Пётр разложил листы по нарастающей, вначале читал показания Пушкина и Соковнина, начинающиеся вроде бы не с такого великого греха — с недовольства отсылкой детей за границу. Эва, удивил. Да тут, в думе-то, наверно, поболе половины тем же недовольны, только что помалкивают. Не на дыбе, чай, на лавках сидят.
В январе ещё повелел царь отправить для учёбы за границу — в Италию, Голландию и Англию — 122 человека. Строго указав: «С Москвы ехать сим зимним временем, чтоб к последним числам февраля никто здесь не остался». Под страхом потери земли и имущества велено ехать на собственный кошт, и никто не может возвращаться без свидетельства об образовании. И из этих посылаемых 60 стольников, в числе их 23 княжеские фамилии. Причём каждому стольнику велено взять с собой солдата, везти на свои средства и тоже обучить тем же морским наукам. Когда ж сие было-то? Во многих семьях ревмя ревут, провожая отроков. Что отроков? Толстому вон за пятьдесят, а тоже гонят на учёбу, как мальчишку. Ужас. Как тут не посочувствовать Соковнину и Пушкину?

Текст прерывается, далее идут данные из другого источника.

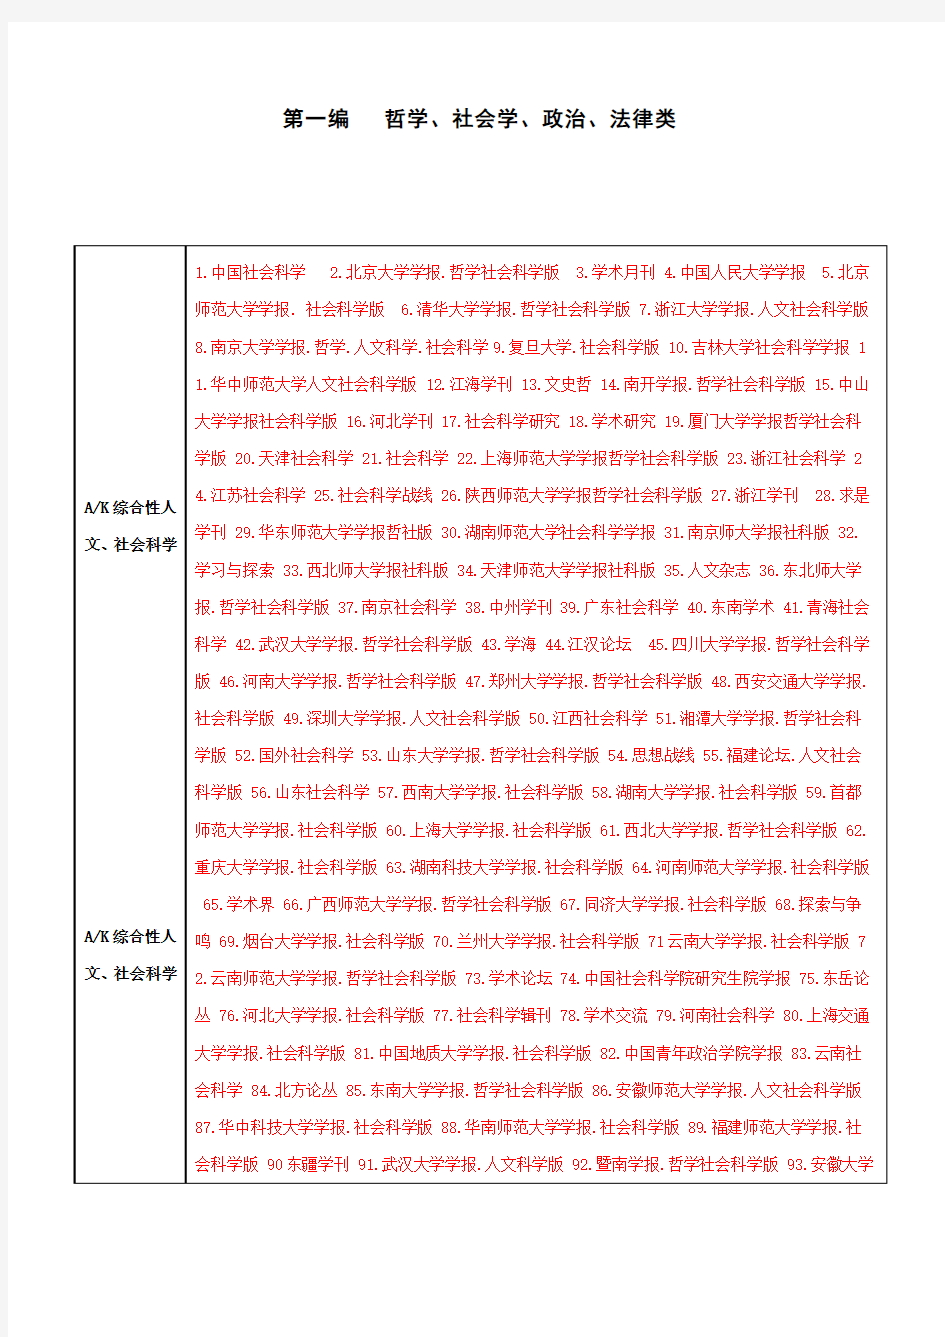 2011版北大中文核心期刊目录(第六版)

Но когда при чтении листов дошло дело до покушения на жизнь государеву, тут, конечно, запереглядывались бояре, закачали головами укоризненно. Как так? На помазанника руку подымать? Да об этом и помыслить грех величайший.
Конечно, нонешний царь — не подарок, чего уж там. Вот и сейчас взять. Вместо того чтобы на троне сидеть, он как простой подьячий стоит за столом и читает листы. Его ли это дело?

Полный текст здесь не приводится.